Writing assessment refers to an area of study that contains theories and practices that guide the evaluation of a writer's performance or potential through a writing task. Writing assessment can be considered a combination of scholarship from composition studies and measurement theory within educational assessment. [1] Writing assessment can also refer to the technologies and practices used to evaluate student writing and learning. [2] An important consequence of writing assessment is that the type and manner of assessment may impact writing instruction, with consequences for the character and quality of that instruction. [3]
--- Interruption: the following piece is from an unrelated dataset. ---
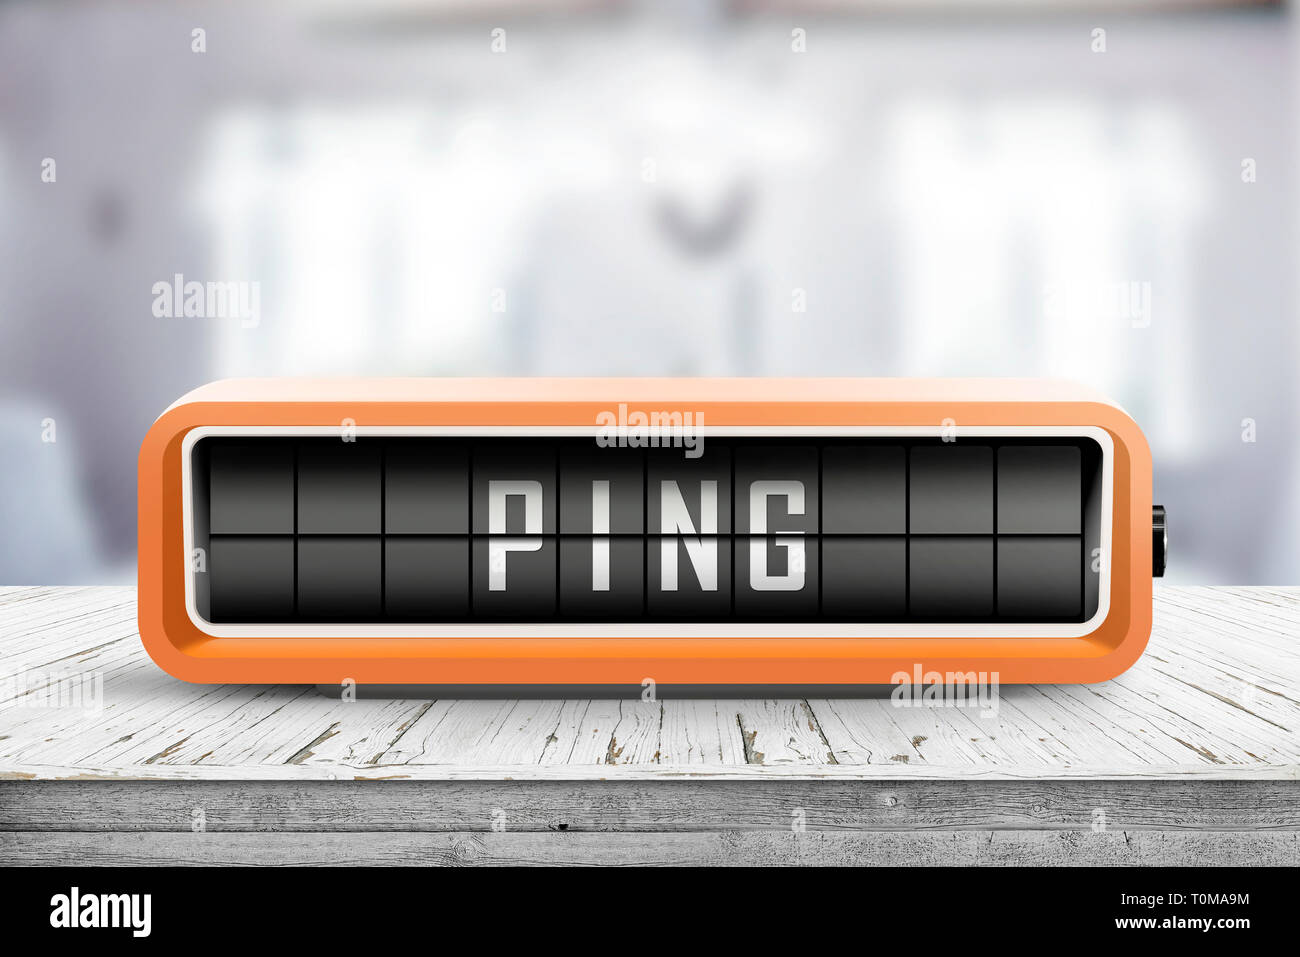 Dispositivo de retro con la palabra Ping sobre una mesa de madera en una habitación Foto de stock
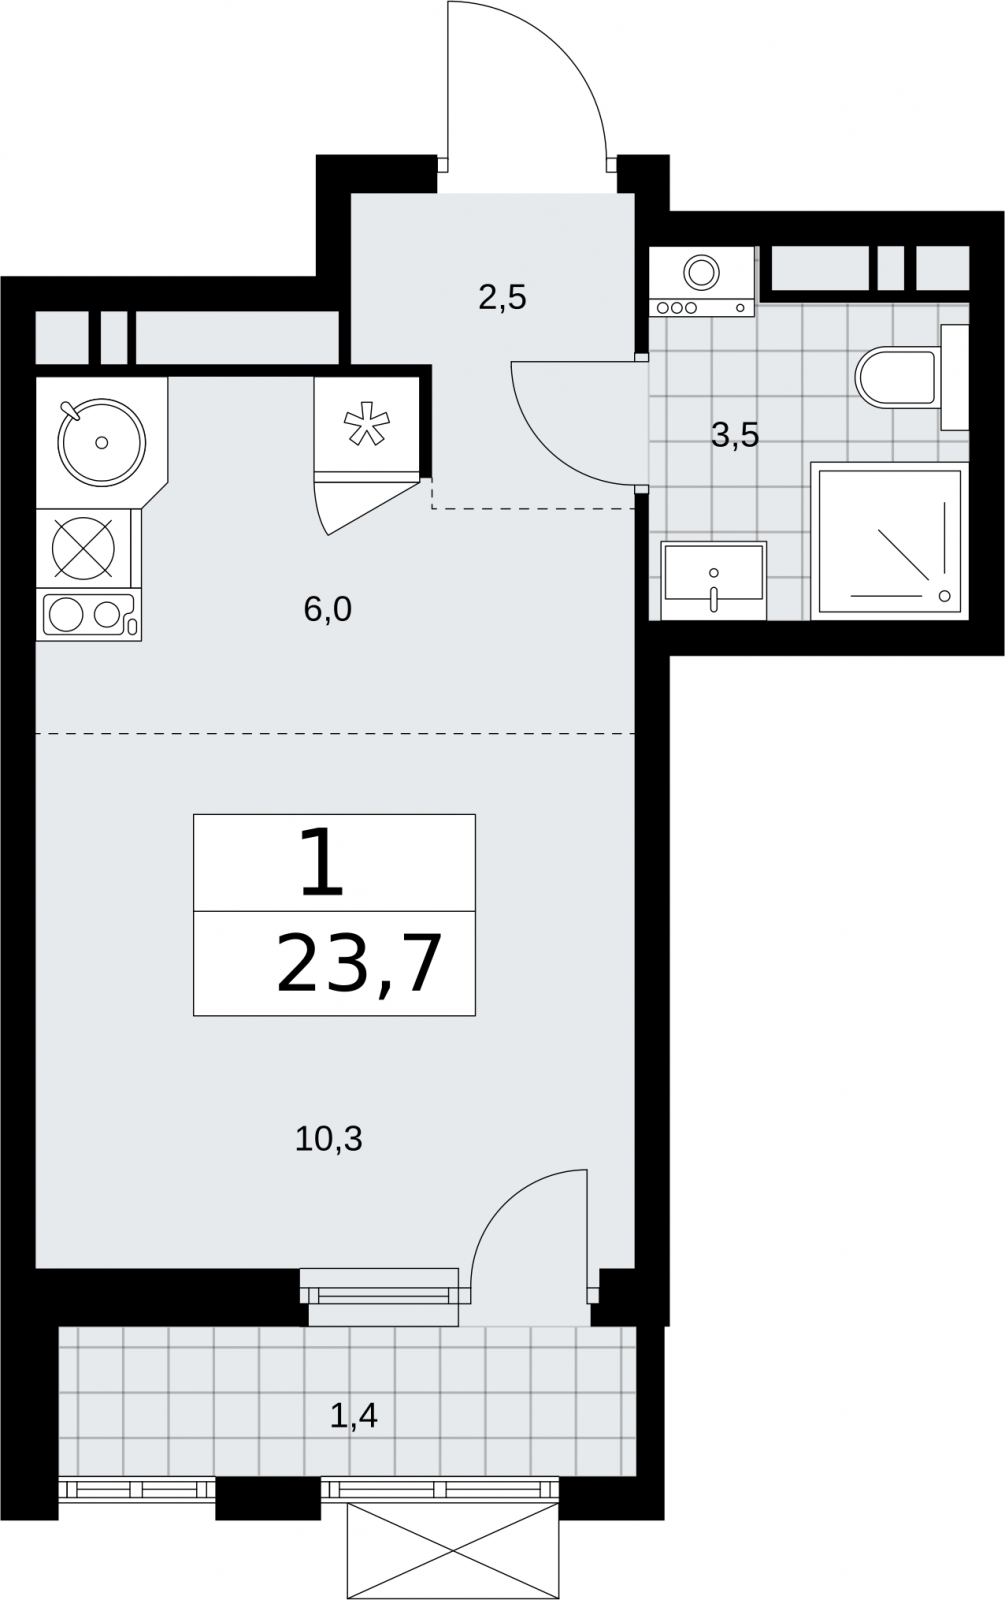 Продается просторная 1-комн. квартира в новом жилом комплексе, недалеко от метро

Writing assessment began as a classroom practice during the first two decades of the 20th century, though high-stakes and standardized tests also emerged during this time. [4] During the 1930s, College Board shifted from using direct writing assessment to indirect assessment because these tests were more cost-effective and were believed to be more reliable. [4] Starting in the 1950s, more students from diverse backgrounds were attending colleges and universities, so administrators made use of standardized testing to decide where these students should be placed, what and how to teach them, and how to measure that they learned what they needed to learn. [5] The large-scale statewide writing assessments that developed during this time combined direct writing assessment with multiple-choice items, a practice that remains dominant today across U.S. large scale testing programs, such as the SAT and GRE. [4] These assessments usually take place outside of the classroom, at the state and national level. However, as more and more students were placed into courses based on their standardized testing scores, writing teachers began to notice a conflict between what students were being tested on—grammar, usage, and vocabulary—and what the teachers were actually teaching—writing process and revision. [5] Because of this divide, educators began pushing for writing assessments that were designed and implemented at the local, programmatic and classroom levels. [5] [6] As writing teachers began designing local assessments, the methods of assessment began to diversify, resulting in timed essay tests, locally designed rubrics, and portfolios. In addition to the classroom and programmatic levels, writing assessment is also hugely influential on writing centers for writing center assessment, and similar academic support centers. [7]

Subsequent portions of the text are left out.